Dans un article de perspective récemment publié dans Communication Nature , Zador décrit comment des algorithmes d'apprentissage améliorés permettent aux systèmes d'IA d'atteindre des performances surhumaines sur un nombre croissant de problèmes plus complexes comme les échecs et le poker. Encore, les machines sont encore bloquées par ce que nous considérons comme les problèmes les plus simples.
Résoudre ce paradoxe pourrait enfin permettre aux robots d'apprendre à faire quelque chose d'aussi organique que traquer une proie ou construire un nid, ou même quelque chose d'aussi humain et banal que faire la vaisselle - une tâche que le PDG de Google, Eric Schmidt, a un jour qualifiée de "littéralement la demande numéro un... mais un problème extraordinairement difficile" pour un robot.
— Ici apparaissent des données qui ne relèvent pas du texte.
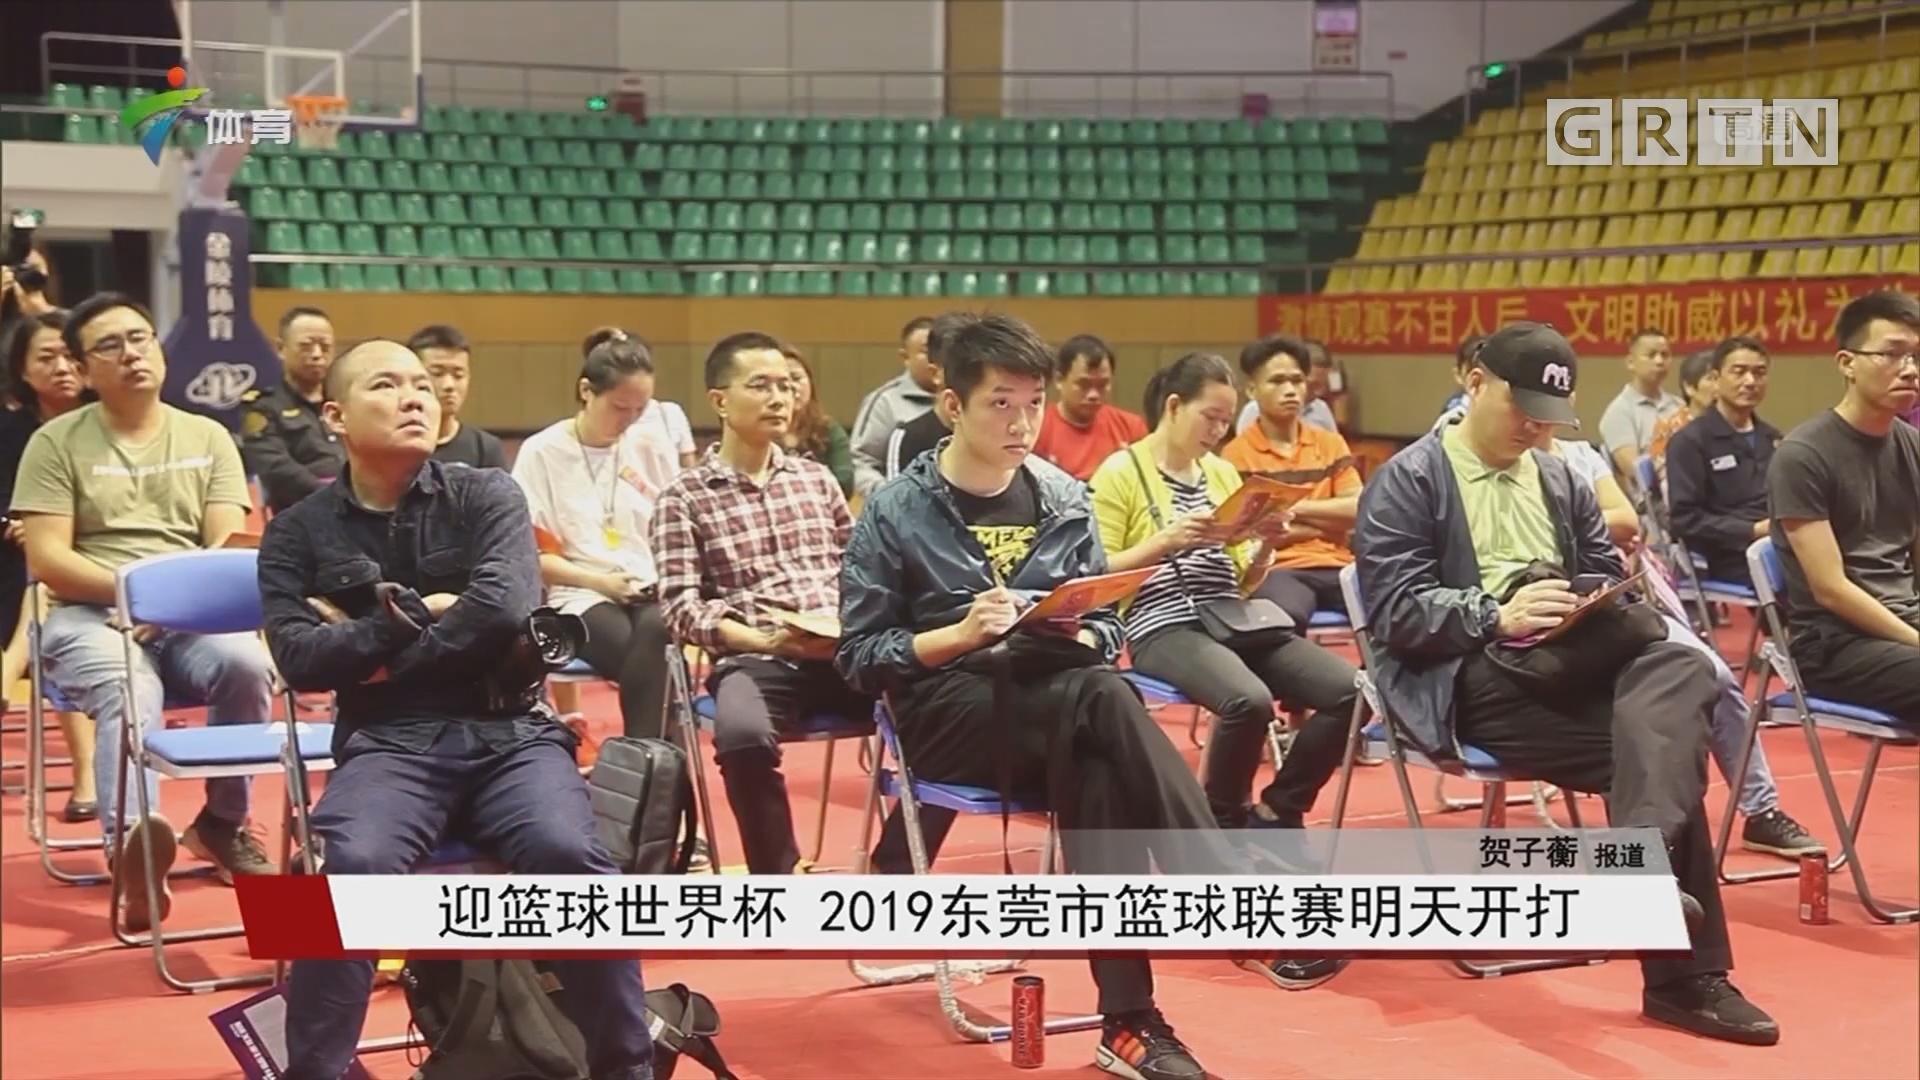 迎篮球世界杯 2019东莞市篮球联赛明天开打

"Les choses que nous trouvons difficiles, comme la pensée abstraite ou le jeu d'échecs, ne sont en fait pas la chose difficile pour les machines. Les choses que nous trouvons faciles, comme interagir avec le monde physique, c'est ça qui est dur, " a expliqué Zador. " La raison pour laquelle nous pensons que c'est facile, c'est que nous avons eu un demi-milliard d'années d'évolution qui a câblé nos circuits pour que nous le fassions sans effort. "
C'est pourquoi Zador écrit que le secret d'un apprentissage rapide n'est peut-être pas un algorithme d'apprentissage général perfectionné. Au lieu, il suggère que les réseaux de neurones biologiques sculptés par l'évolution fournissent une sorte d'échafaudage pour faciliter l'apprentissage rapide et facile pour des types spécifiques de tâches, généralement celles cruciales pour la survie.
À titre d'exemple, Zador désigne votre jardin.
"Vous avez des écureuils qui peuvent sauter d'arbre en arbre en quelques semaines après la naissance, mais nous n'avons pas de souris qui apprennent la même chose. Pourquoi pas ?" dit Zador. "C'est parce que l'on est génétiquement prédéterminé pour devenir une créature arboricole."
Zador suggère que l'un des résultats de cette prédisposition génétique est le circuit inné qui aide à guider l'apprentissage précoce d'un animal. Cependant, ces réseaux d'échafaudage sont beaucoup moins généralisés que la panacée perçue de l'apprentissage automatique que la plupart des experts en IA poursuivent. Si les ANN identifiaient et adaptaient des ensembles de circuits similaires, Zador argumente, les robots ménagers du futur nous surprendront peut-être un jour avec une vaisselle propre.